If this keeps on being the sole contribution internationalists like you have to the discussion, Palestinian and Palestinian-sympathizing workers in the US (and all over, really) will keep on joining this kind stuntism and serving Stalinist/Leninist/substitutionalist interests.

And I don't need you to preach to me about Hamas and Hezbollah, as I probably know more victims of their "freedom fighting" than you do, and distinctly remember what it was like to know that the next bus I take will be my last.

Jun 27 2010 06:02
Gurley’s account helps flesh out some of the rank-and-file ILWU-side questions that I have had, so thanks for that. I have been wondering why the workers from those two shifts didn’t stick around to participate. I still don’t know why, although I’ve been tempted to find a way to ask them directly. (I don’t know any of them.) Was it really because participating could have been in violation of their contract, or did they just not really care – or did they have misgivings - about the political issue?

This was a community picket line, a tactic that "works" when members of the community or another union set up a picket ...this must be organized separately from the ILWU. This is not about the legitimacy of the picket line, it being a secondary boycott etc ect...this is about the picket line presenting a danger to the Longshoremen. If the Longshoremen join the picket line would they look fearful of their safety for crossing the line ? Probably not. Even the radicals in local ten were not marching in the picket, they were there talking to their co-workers as they showed up for work that day. Them joining in would defeat the purpose of it being a "community picket" and could jeopardize the health and safety ruling from the arbitrator.


Gurley, aside from ANSWER being authoritarian pricks, how much of this was coordinated with the dockers prior to the action? I understand that flyers were posted up around the port, but did the dockers come to work expecting the picket line to be there?

And, if they'd wanted to, could the workers have crossed the picket line? Let me put it this way: after the arbitrator's ruling are workers obligated not to the cross the picket (i.e. it becomes union policy) or does it just mean that if they don't cross the picket they won't be penalized?

I'm not sure if they knew. Sometimes local 10 will pass a resolution in support of the issue and sometimes of the protest. I don't know if they did that for this one. I think they probably, at the very least, announced it at their meeting. I do know that all the major maritime trade union federations passed resolutions against the Israeli raid on the Mavi Mara. Which was the catalyst for this action. Did they show up for work expecting it ? I'm not sure.
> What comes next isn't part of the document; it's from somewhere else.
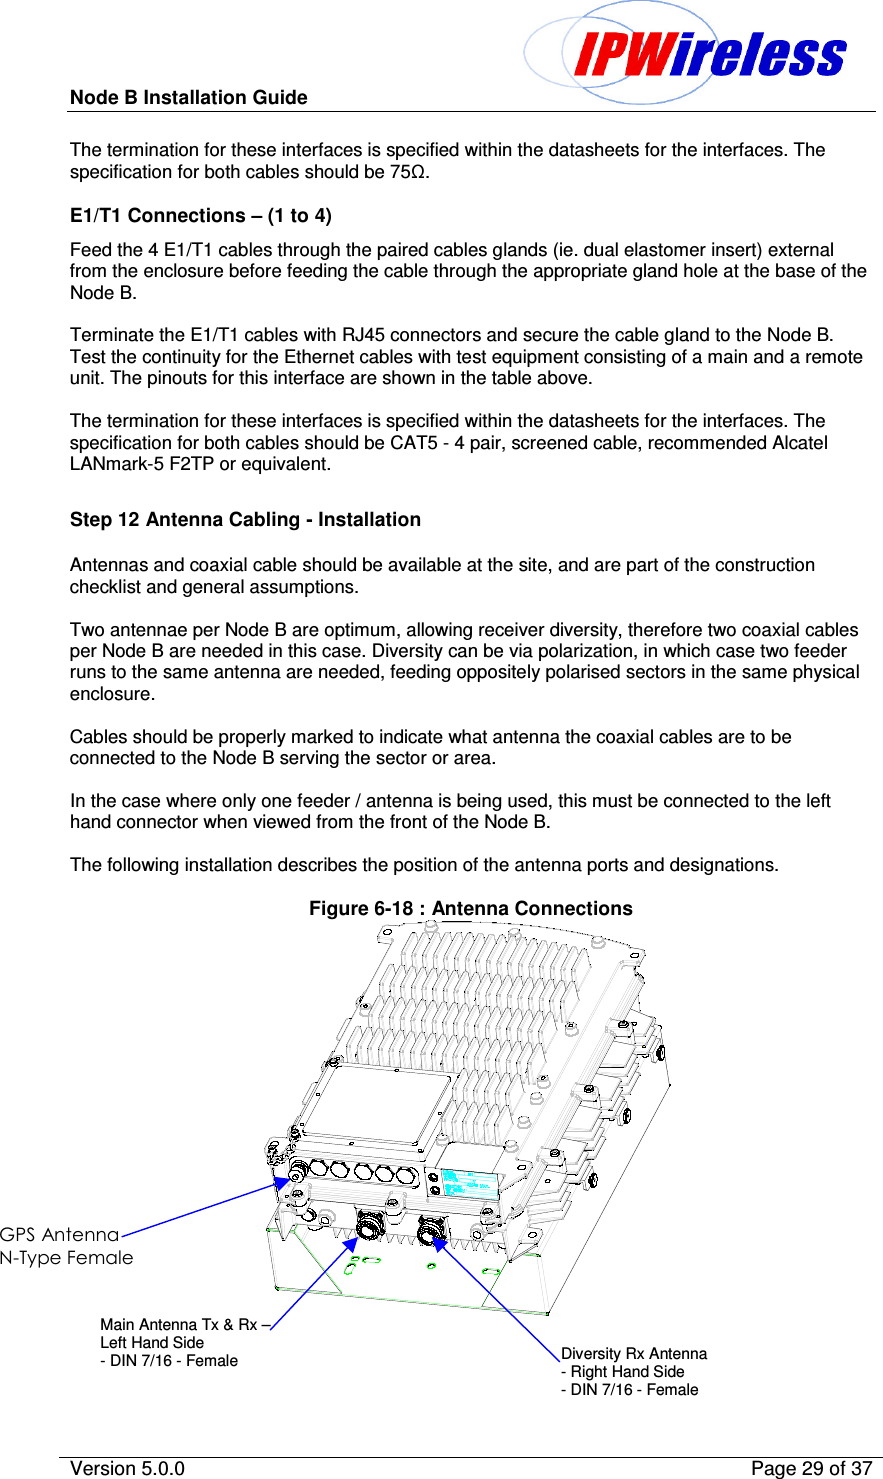 Node B Installation Guide                                              Version 5.0.0    Page 29 of 37  The termination for these interfaces is specified within the datasheets for the interfaces. The specification for both cables should be 75.  E1/T1 Connections – (1 to 4) Feed the 4 E1/T1 cables through the paired cables glands (ie. dual elastomer insert) external from the enclosure before feeding the cable through the appropriate gland hole at the base of the Node B.  Terminate the E1/T1 cables with RJ45 connectors and secure the cable gland to the Node B. Test the continuity for the Ethernet cables with test equipment consisting of a main and a remote unit. The pinouts for this interface are shown in the table above.  The termination for these interfaces is specified within the datasheets for the interfaces. The specification for both cables should be CAT5 - 4 pair, screened cable, recommended Alcatel LANmark-5 F2TP or equivalent.  Step 12 Antenna Cabling - Installation Antennas and coaxial cable should be available at the site, and are part of the construction checklist and general assumptions.   Two antennae per Node B are optimum, allowing receiver diversity, therefore two coaxial cables per Node B are needed in this case. Diversity can be via polarization, in which case two feeder runs to the same antenna are needed, feeding oppositely polarised sectors in the same physical enclosure.  Cables should be properly marked to indicate what antenna the coaxial cables are to be connected to the Node B serving the sector or area.  In the case where only one feeder / antenna is being used, this must be connected to the left hand connector when viewed from the front of the Node B.  The following installation describes the position of the antenna ports and designations.  Figure 6-18 : Antenna Connections     Main Antenna Tx &amp; Rx – Left Hand Side - DIN 7/16 - Female  Diversity Rx Antenna - Right Hand Side - DIN 7/16 - Female –     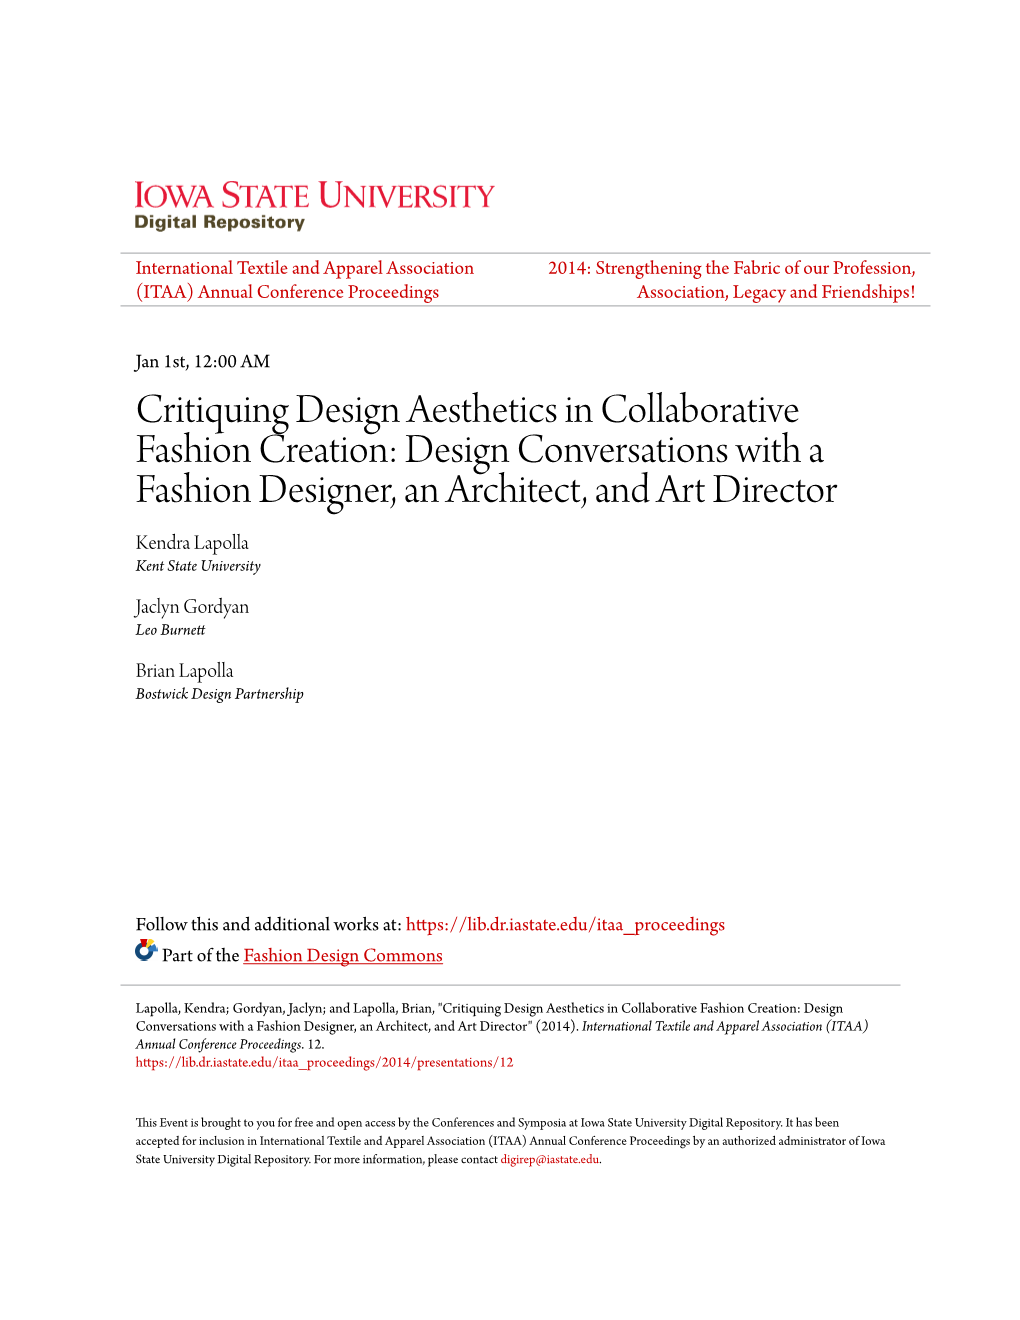 Design Conversations with a Fashion Designer, an Architect, and Art Director Kendra Lapolla Kent State University

If the arbitrator rules in favor of the picket being a health and safety hazard all the longshoremen go home with I don't know why anyone would cross at that point. And I am pretty sure the arbitrator just shuts down the whole shift. So there would be nothing to cross the line to do, the shift is canceled due to health and safety concerns. As "H" mentioned, there were other pickets where the arbitrator ordered the longshoremen to work and they took a vote and refused to cross. That certainly has happened before. And on May 1st the entire coast refused to go to work defying the company's decision not to grant a "stop work meeting". I am sure that if some rogue longshoremen showed up for work the company would have found something for them to do. But, the ILWU...for all the slagging of that this thread has produced...generally stand together and if a vote is taken they respect the vote and stay united with the decision their co-workers made.

Jun 27 2010 14:45

I'm certainly not trying to "slag" the members of ILWU. And I don't read others' questions about rank-and-file participation as criticism of the members; rather, I think these are critical questions about the "community" in the "community picket."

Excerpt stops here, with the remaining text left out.